<<<<

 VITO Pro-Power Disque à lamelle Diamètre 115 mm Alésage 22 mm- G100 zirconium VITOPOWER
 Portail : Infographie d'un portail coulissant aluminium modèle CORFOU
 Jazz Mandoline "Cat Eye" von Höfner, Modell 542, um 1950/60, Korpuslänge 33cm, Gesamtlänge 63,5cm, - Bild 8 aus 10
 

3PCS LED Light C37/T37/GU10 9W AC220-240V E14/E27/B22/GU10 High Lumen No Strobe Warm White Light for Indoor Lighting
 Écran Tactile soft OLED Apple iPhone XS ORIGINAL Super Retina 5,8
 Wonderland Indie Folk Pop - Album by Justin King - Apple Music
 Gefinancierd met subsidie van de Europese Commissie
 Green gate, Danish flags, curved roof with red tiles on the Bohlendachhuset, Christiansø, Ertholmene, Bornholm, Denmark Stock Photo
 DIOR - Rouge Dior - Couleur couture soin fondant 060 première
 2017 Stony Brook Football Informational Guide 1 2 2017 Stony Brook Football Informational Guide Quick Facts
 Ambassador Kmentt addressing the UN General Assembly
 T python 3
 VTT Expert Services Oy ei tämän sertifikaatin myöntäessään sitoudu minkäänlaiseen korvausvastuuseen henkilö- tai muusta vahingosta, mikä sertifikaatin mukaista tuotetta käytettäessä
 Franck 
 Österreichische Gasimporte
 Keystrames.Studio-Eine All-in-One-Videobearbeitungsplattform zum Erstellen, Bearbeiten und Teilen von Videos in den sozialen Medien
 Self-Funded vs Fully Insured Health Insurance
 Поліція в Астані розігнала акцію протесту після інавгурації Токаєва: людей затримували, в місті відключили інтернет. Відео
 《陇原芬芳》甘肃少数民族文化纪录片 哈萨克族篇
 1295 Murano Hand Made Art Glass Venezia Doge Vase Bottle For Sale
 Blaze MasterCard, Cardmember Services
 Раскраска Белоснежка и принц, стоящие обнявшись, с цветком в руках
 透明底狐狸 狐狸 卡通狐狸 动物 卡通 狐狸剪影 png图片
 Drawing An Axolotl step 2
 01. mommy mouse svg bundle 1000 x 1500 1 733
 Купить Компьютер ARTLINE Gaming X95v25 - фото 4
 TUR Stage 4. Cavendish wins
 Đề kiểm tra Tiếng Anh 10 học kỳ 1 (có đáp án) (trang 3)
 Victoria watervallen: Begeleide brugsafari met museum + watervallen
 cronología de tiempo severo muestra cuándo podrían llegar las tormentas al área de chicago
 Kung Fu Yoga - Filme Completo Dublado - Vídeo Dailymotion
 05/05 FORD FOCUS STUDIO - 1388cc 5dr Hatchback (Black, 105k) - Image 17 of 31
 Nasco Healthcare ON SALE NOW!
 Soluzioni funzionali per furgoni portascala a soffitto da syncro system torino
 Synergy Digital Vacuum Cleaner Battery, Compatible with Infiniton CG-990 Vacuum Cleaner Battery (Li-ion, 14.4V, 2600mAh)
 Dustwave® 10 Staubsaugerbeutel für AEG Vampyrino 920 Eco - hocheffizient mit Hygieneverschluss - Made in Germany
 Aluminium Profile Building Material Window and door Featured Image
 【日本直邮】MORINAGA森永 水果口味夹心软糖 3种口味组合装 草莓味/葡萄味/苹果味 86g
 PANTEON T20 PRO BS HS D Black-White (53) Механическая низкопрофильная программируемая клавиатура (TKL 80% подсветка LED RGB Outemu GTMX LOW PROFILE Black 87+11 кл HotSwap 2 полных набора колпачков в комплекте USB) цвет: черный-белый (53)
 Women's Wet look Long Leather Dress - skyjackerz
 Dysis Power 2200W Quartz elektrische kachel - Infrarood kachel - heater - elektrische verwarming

>>>>

◆ Problem details ◆
Return each line of the data exactly as written above.

◆ Worked solution ◆
 VITO Pro-Power Disque à lamelle Diamètre 115 mm Alésage 22 mm- G100 zirconium VITOPOWER
 Portail : Infographie d'un portail coulissant aluminium modèle CORFOU
 Jazz Mandoline "Cat Eye" von Höfner, Modell 542, um 1950/60, Korpuslänge 33cm, Gesamtlänge 63,5cm, - Bild 8 aus 10
 

3PCS LED Light C37/T37/GU10 9W AC220-240V E14/E27/B22/GU10 High Lumen No Strobe Warm White Light for Indoor Lighting
 Écran Tactile soft OLED Apple iPhone XS ORIGINAL Super Retina 5,8
 Wonderland Indie Folk Pop - Album by Justin King - Apple Music
 Gefinancierd met subsidie van de Europese Commissie
 Green gate, Danish flags, curved roof with red tiles on the Bohlendachhuset, Christiansø, Ertholmene, Bornholm, Denmark Stock Photo
 DIOR - Rouge Dior - Couleur couture soin fondant 060 première
 2017 Stony Brook Football Informational Guide 1 2 2017 Stony Brook Football Informational Guide Quick Facts
 Ambassador Kmentt addressing the UN General Assembly
 T python 3
 VTT Expert Services Oy ei tämän sertifikaatin myöntäessään sitoudu minkäänlaiseen korvausvastuuseen henkilö- tai muusta vahingosta, mikä sertifikaatin mukaista tuotetta käytettäessä
 Franck 
 Österreichische Gasimporte
 Keystrames.Studio-Eine All-in-One-Videobearbeitungsplattform zum Erstellen, Bearbeiten und Teilen von Videos in den sozialen Medien
 Self-Funded vs Fully Insured Health Insurance
 Поліція в Астані розігнала акцію протесту після інавгурації Токаєва: людей затримували, в місті відключили інтернет. Відео
 《陇原芬芳》甘肃少数民族文化纪录片 哈萨克族篇
 1295 Murano Hand Made Art Glass Venezia Doge Vase Bottle For Sale
 Blaze MasterCard, Cardmember Services
 Раскраска Белоснежка и принц, стоящие обнявшись, с цветком в руках
 透明底狐狸 狐狸 卡通狐狸 动物 卡通 狐狸剪影 png图片
 Drawing An Axolotl step 2
 01. mommy mouse svg bundle 1000 x 1500 1 733
 Купить Компьютер ARTLINE Gaming X95v25 - фото 4
 TUR Stage 4. Cavendish wins
 Đề kiểm tra Tiếng Anh 10 học kỳ 1 (có đáp án) (trang 3)
 Victoria watervallen: Begeleide brugsafari met museum + watervallen
 cronología de tiempo severo muestra cuándo podrían llegar las tormentas al área de chicago
 Kung Fu Yoga - Filme Completo Dublado - Vídeo Dailymotion
 05/05 FORD FOCUS STUDIO - 1388cc 5dr Hatchback (Black, 105k) - Image 17 of 31
 Nasco Healthcare ON SALE NOW!
 Soluzioni funzionali per furgoni portascala a soffitto da syncro system torino
 Synergy Digital Vacuum Cleaner Battery, Compatible with Infiniton CG-990 Vacuum Cleaner Battery (Li-ion, 14.4V, 2600mAh)
 Dustwave® 10 Staubsaugerbeutel für AEG Vampyrino 920 Eco - hocheffizient mit Hygieneverschluss - Made in Germany
 Aluminium Profile Building Material Window and door Featured Image
 【日本直邮】MORINAGA森永 水果口味夹心软糖 3种口味组合装 草莓味/葡萄味/苹果味 86g
 PANTEON T20 PRO BS HS D Black-White (53) Механическая низкопрофильная программируемая клавиатура (TKL 80% подсветка LED RGB Outemu GTMX LOW PROFILE Black 87+11 кл HotSwap 2 полных набора колпачков в комплекте USB) цвет: черный-белый (53)
 Women's Wet look Long Leather Dress - skyjackerz
 Dysis Power 2200W Quartz elektrische kachel - Infrarood kachel - heater - elektrische verwarming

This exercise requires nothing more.